Segment Open

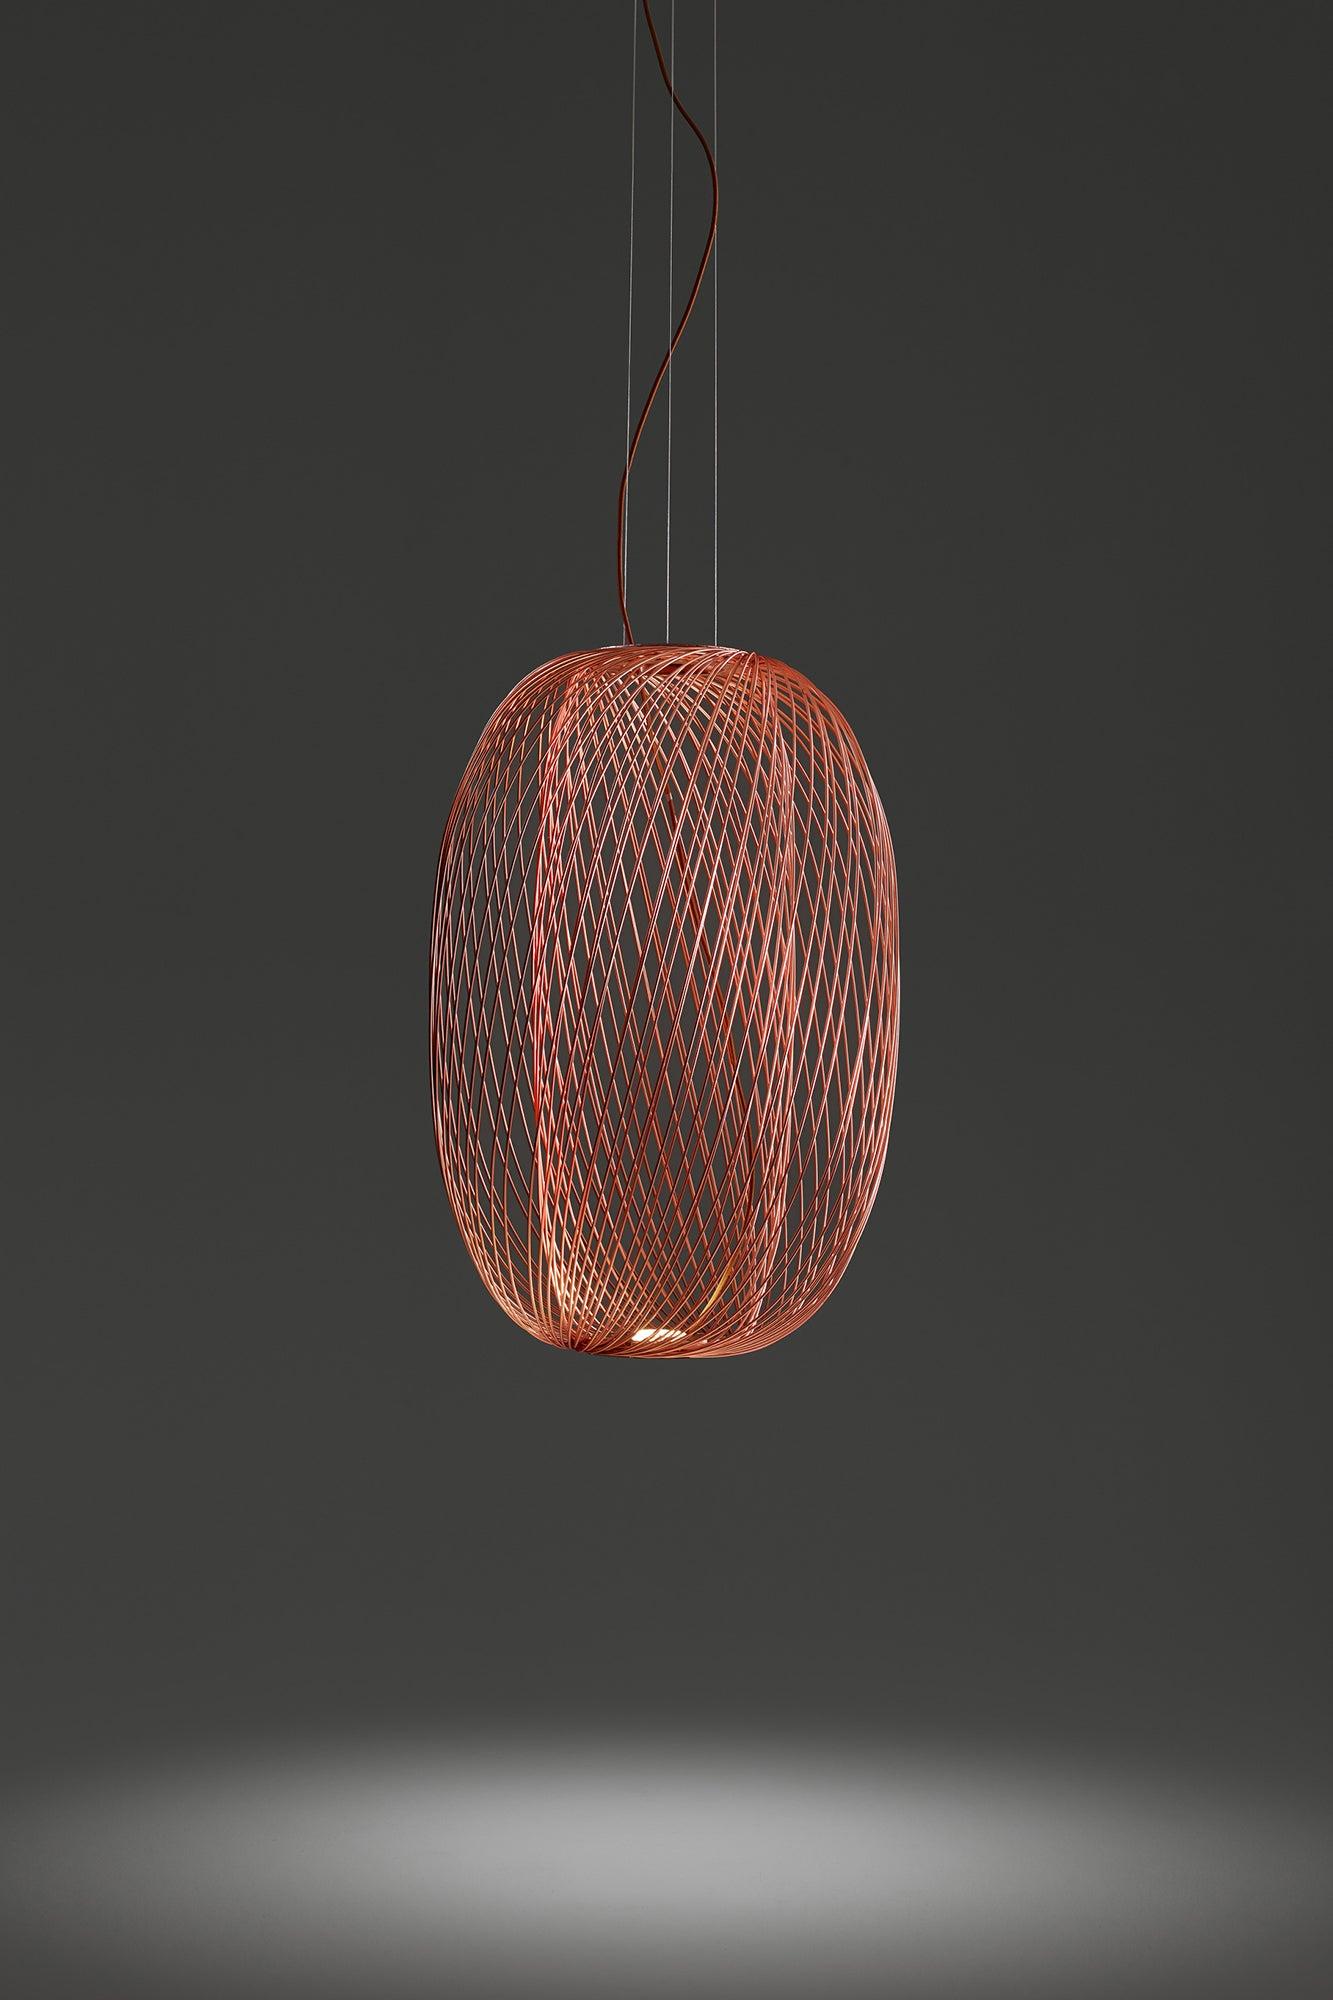 Stephen Burks Anwar T 90 Copper for Parachilna

Each structure is composed by nearly 100 steel rods welded one by one. It’s an artisanal lamp that reminds traditional wicker baskets. Different shapes and different finishes can be
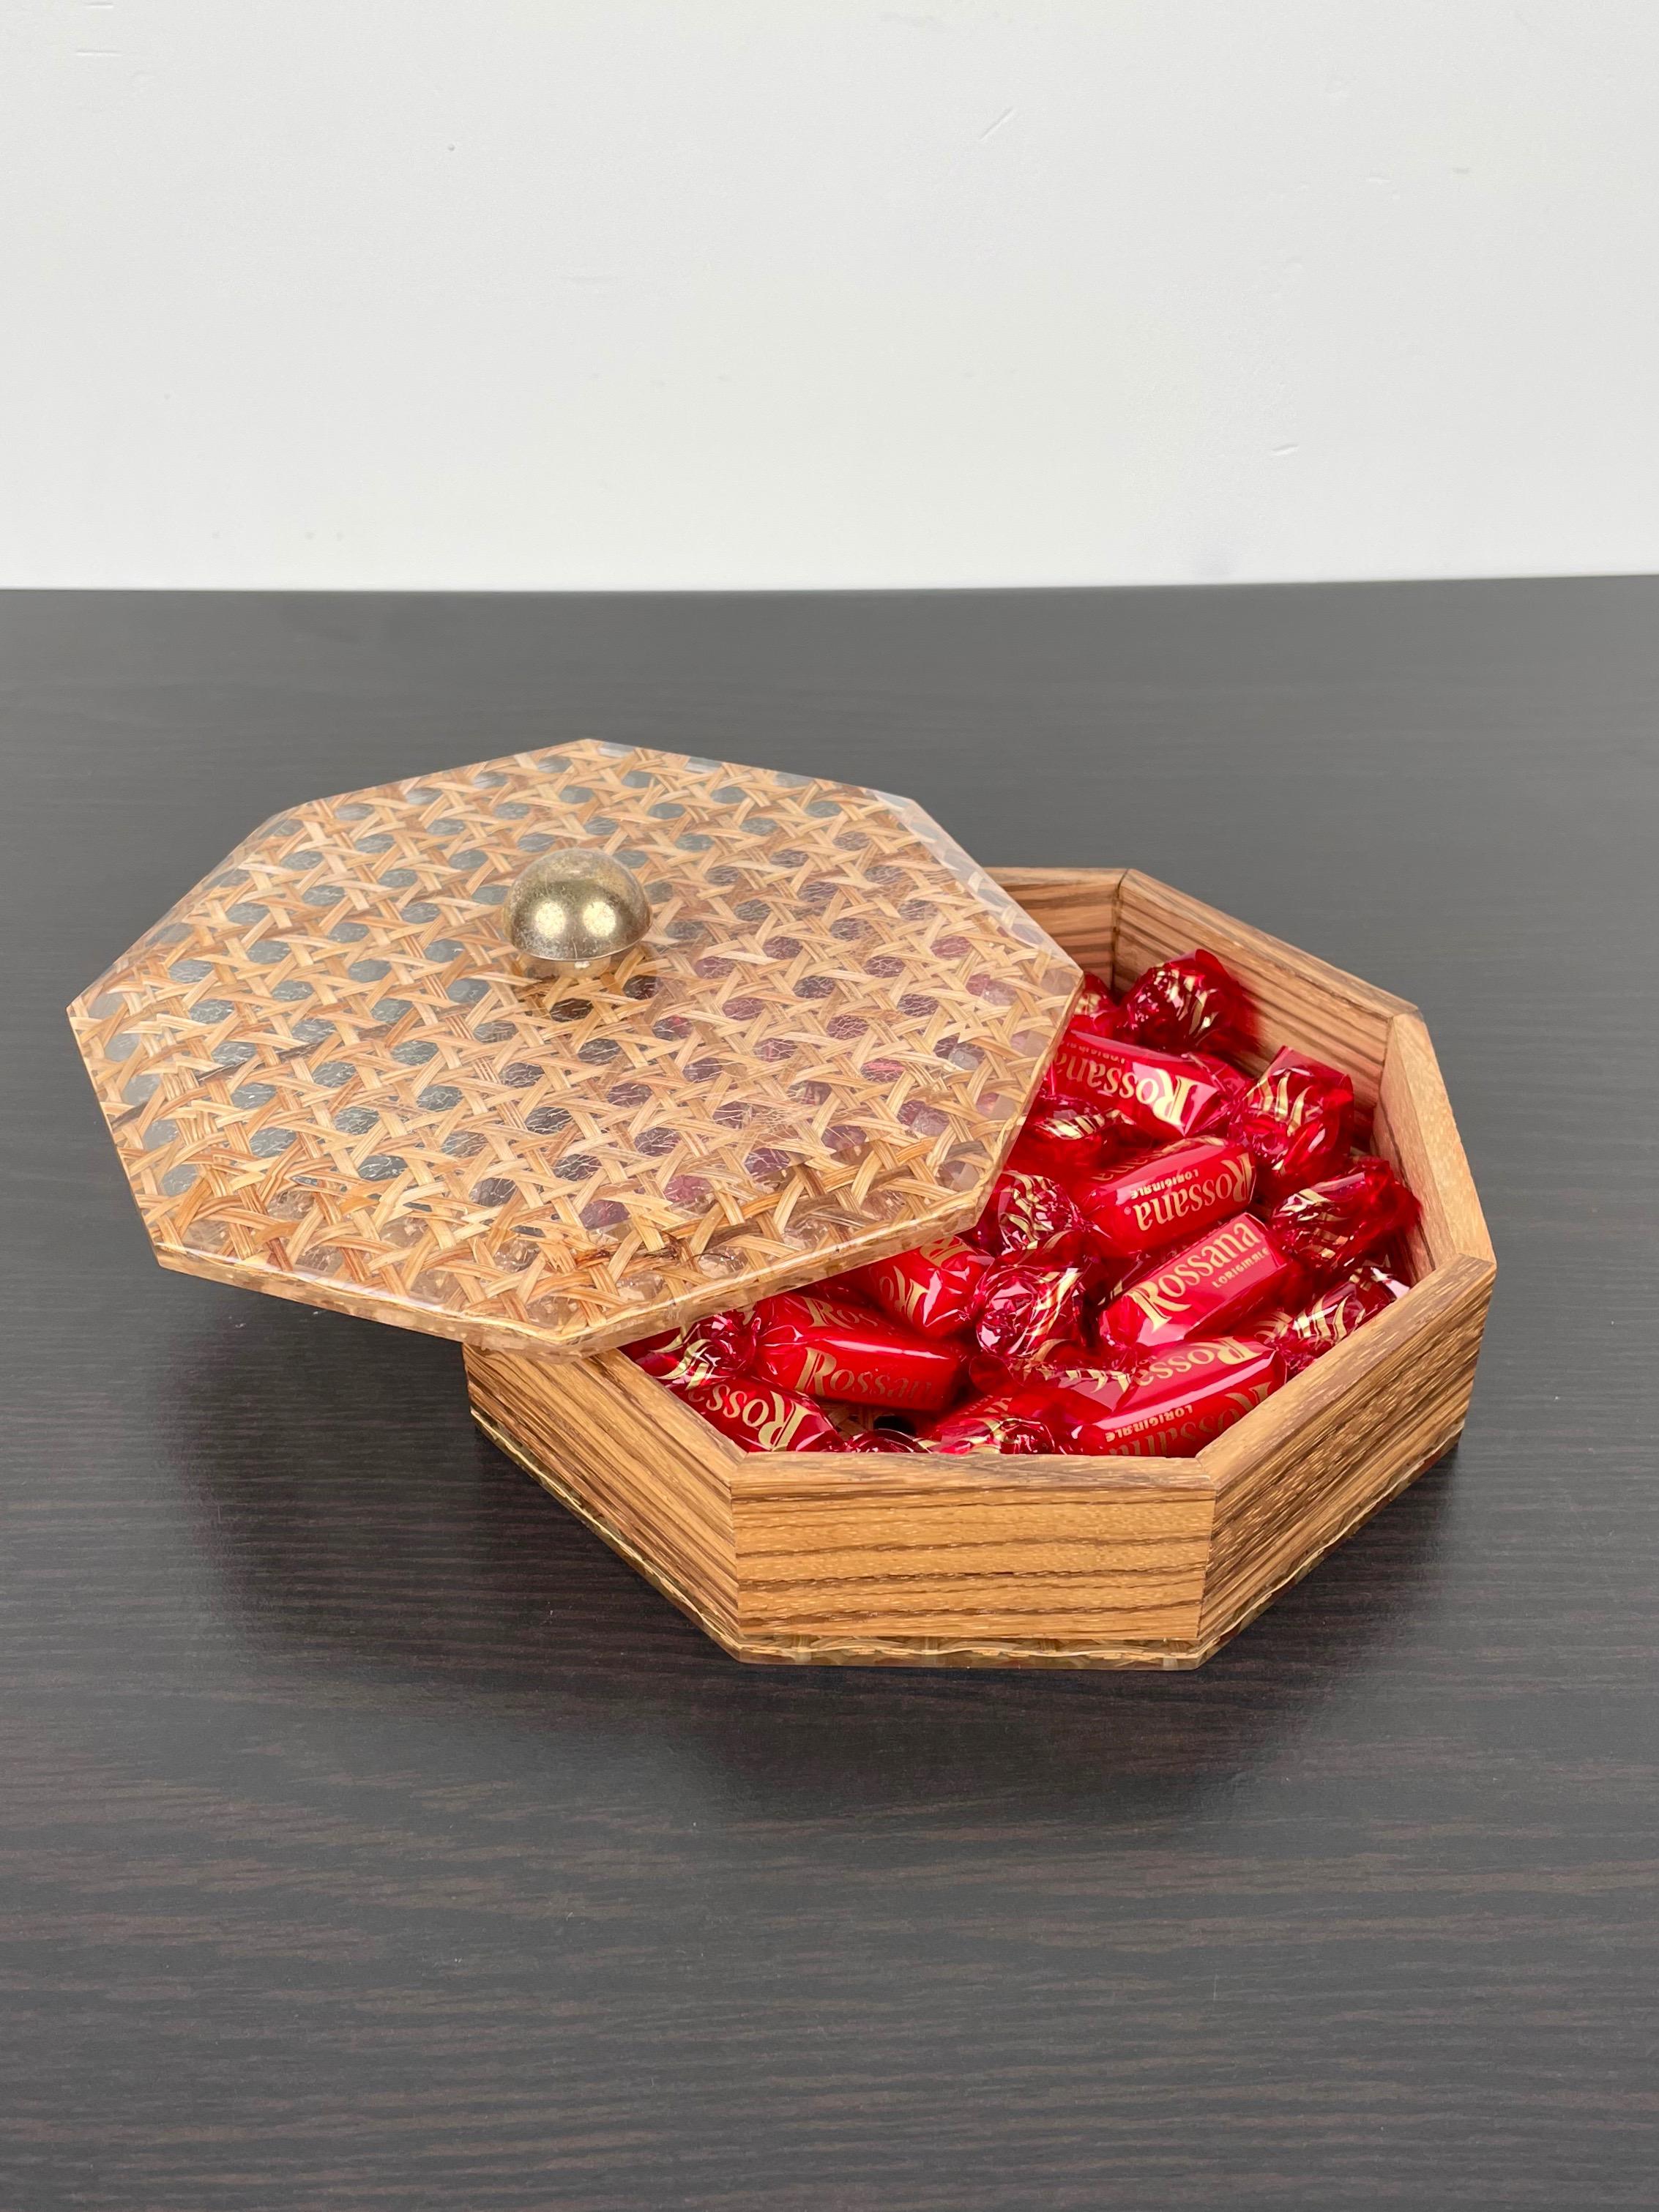 Metal Octagonal Box in Lucite Wicker Wood and Brass Christian Dior Style, France 1970s For Sale
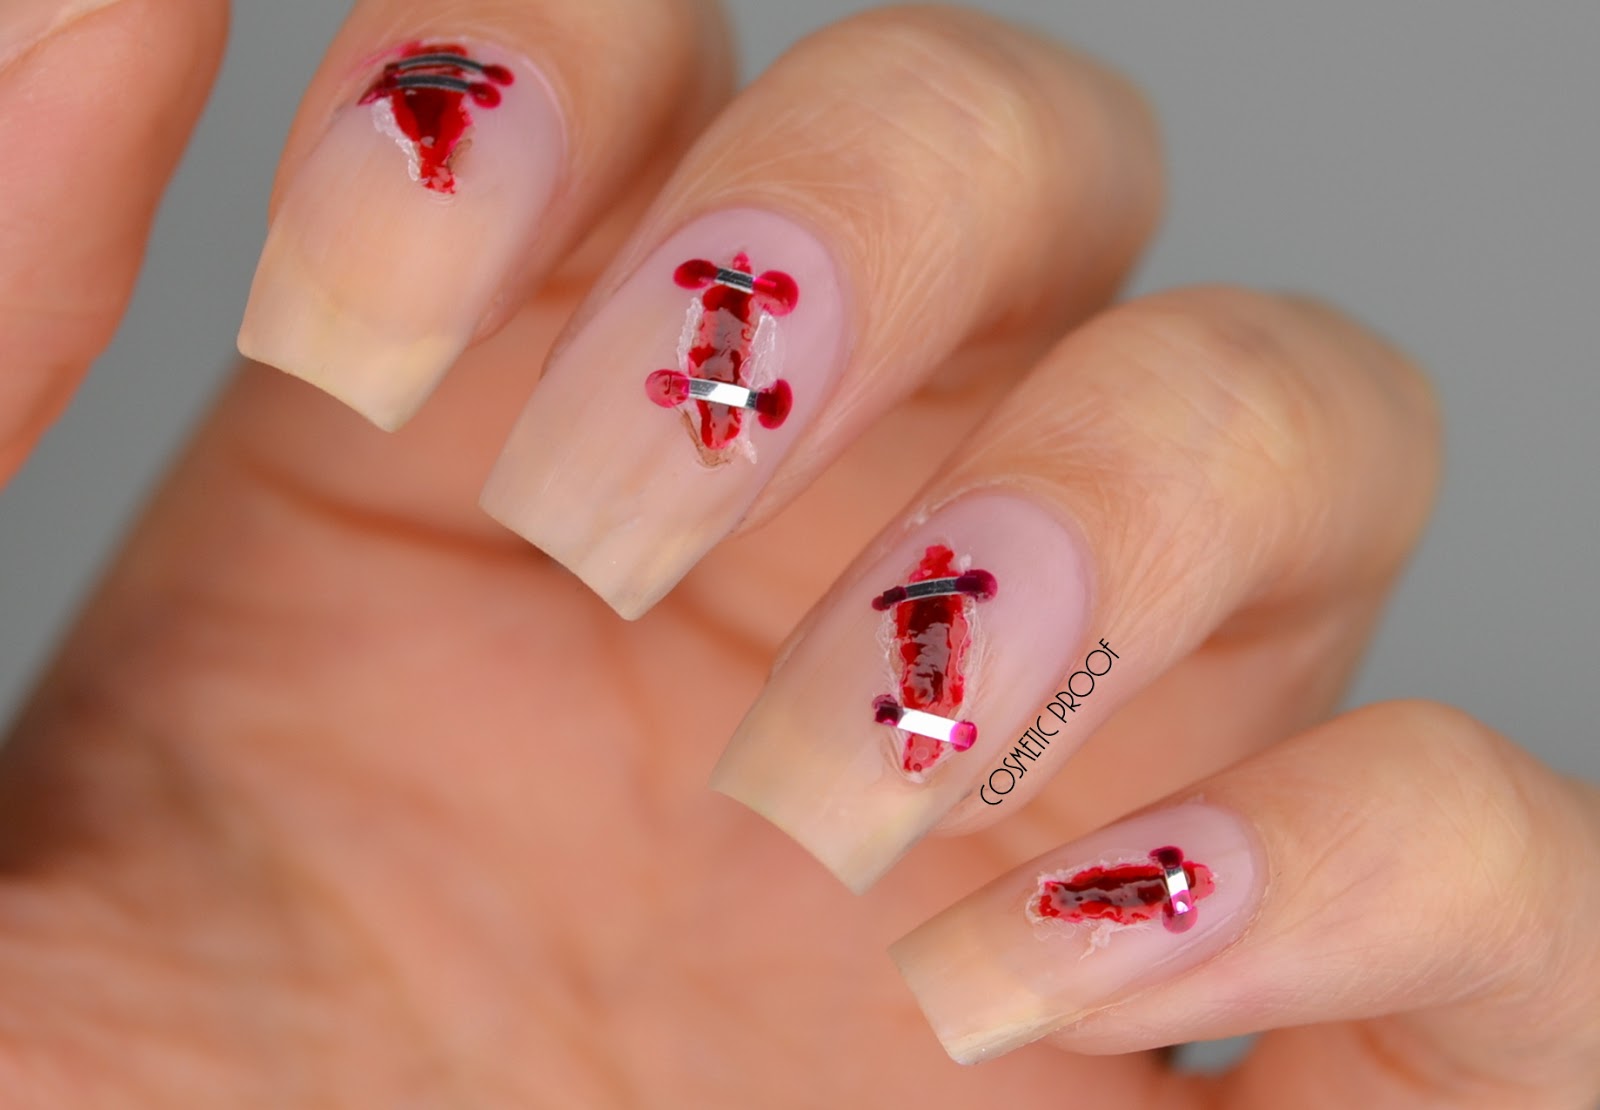 7. Bloody Vampire Nails - wide 4

Segment Closed

> _ABOUT THIS EXERCISE_
Once the pictures are set aside, repeat the remaining data word for word.

> _ANSWER TO THE EXERCISE_
 Stephen Burks Anwar T 90 Copper for Parachilna

Each structure is composed by nearly 100 steel rods welded one by one. It’s an artisanal lamp that reminds traditional wicker baskets. Different shapes and different finishes can be
 Metal Octagonal Box in Lucite Wicker Wood and Brass Christian Dior Style, France 1970s For Sale
 7. Bloody Vampire Nails - wide 4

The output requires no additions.